Torpenhow – St Michael’s Church
The Church of St Michael at Torpenhow was built in 1120. Of the 98 churches built in the 12th Century, only six remain unspoilt, Torpenhow being one of these. Most of the early building remains – and some of the stone that can be seen inside would have been brought from the Great Roman Camp of Old Carlisle. The architect responsible for the 1913 restoration said he found distinct traces of a Saxon building.
The magnificent chancel arch is undoubtably the most noteworthy feature of the original building, and is a fine example of its type and date, and is profusely ornamented in an individualist manner. There are demon like intertwined figures in dark red sandstone on the north, the side of darkness, and human and animal figures in light sandstone on the south side – suggesting a sermon in stone.
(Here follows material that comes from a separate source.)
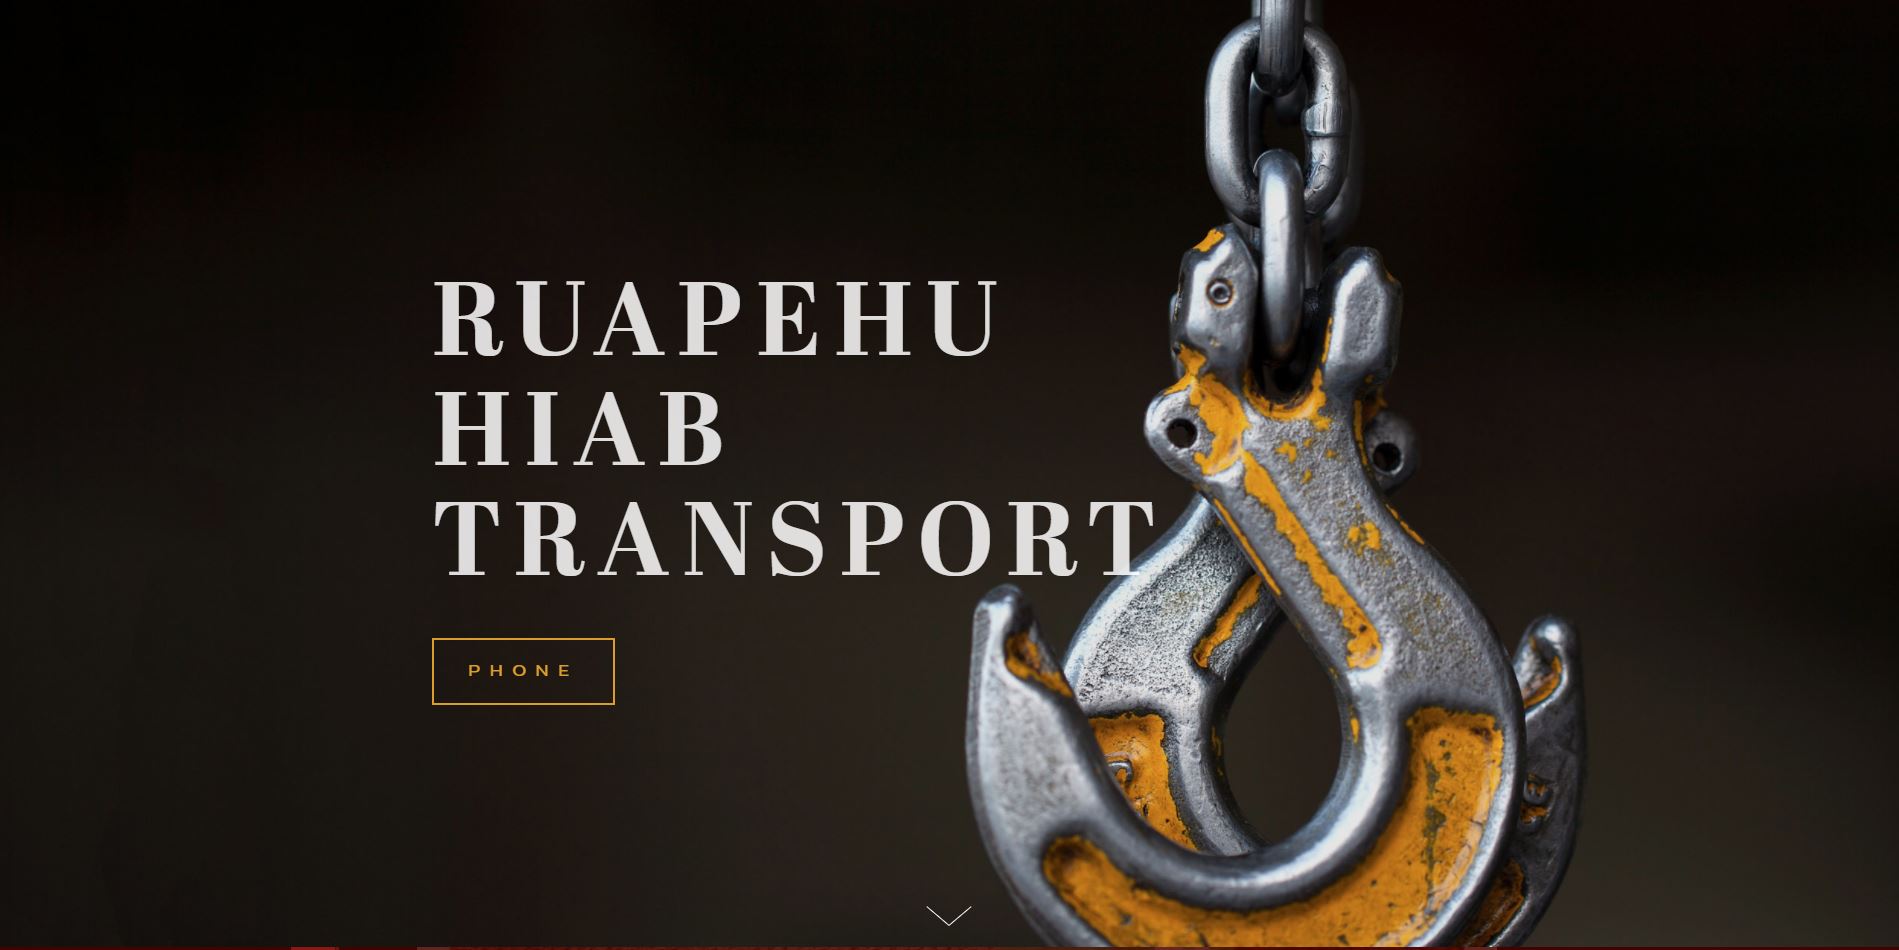 Ruapehu Hiab Transport Ltd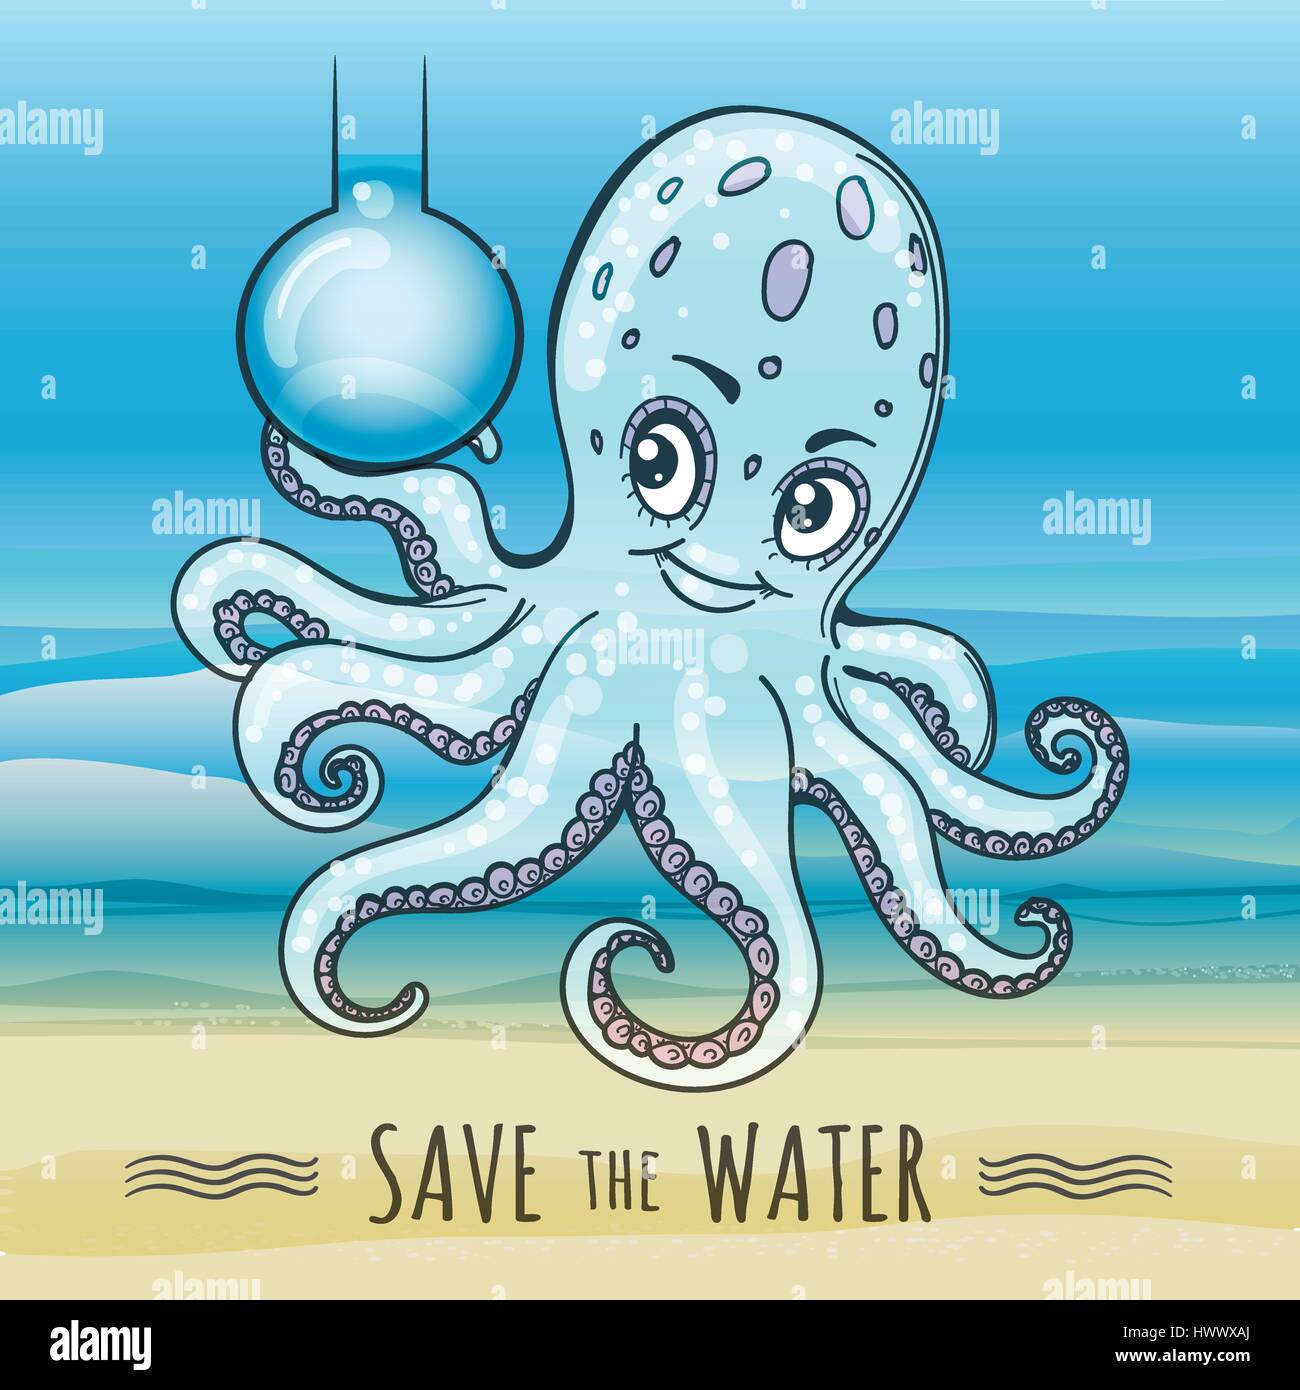 Speichern Sie das Wasser-Poster im Cartoon-Stil. Lustige Kraken halten Flasche mit frischem Wasser. Vektor-Illustration. Stock Vektor

Another interesting feature is the nave ceiling, adorned with flowers and gildings, all painted at the time of Rubens. The ceiling panels are thought to have come from London, where they covered the hall of one of the Livery Companies in the City. The Norman bowl of the font has interlaced arches with mythical carvings, and stands on a shaft dating from the 15th Century and which bears heraldic devices.
There are several stained glass windows, mostly by Clayton and Bell, with one in the North aisle showing Jesus stilling the storm on Galilee. The choir stalls were put in in 1882, and are good examples of the wood-carver’s art.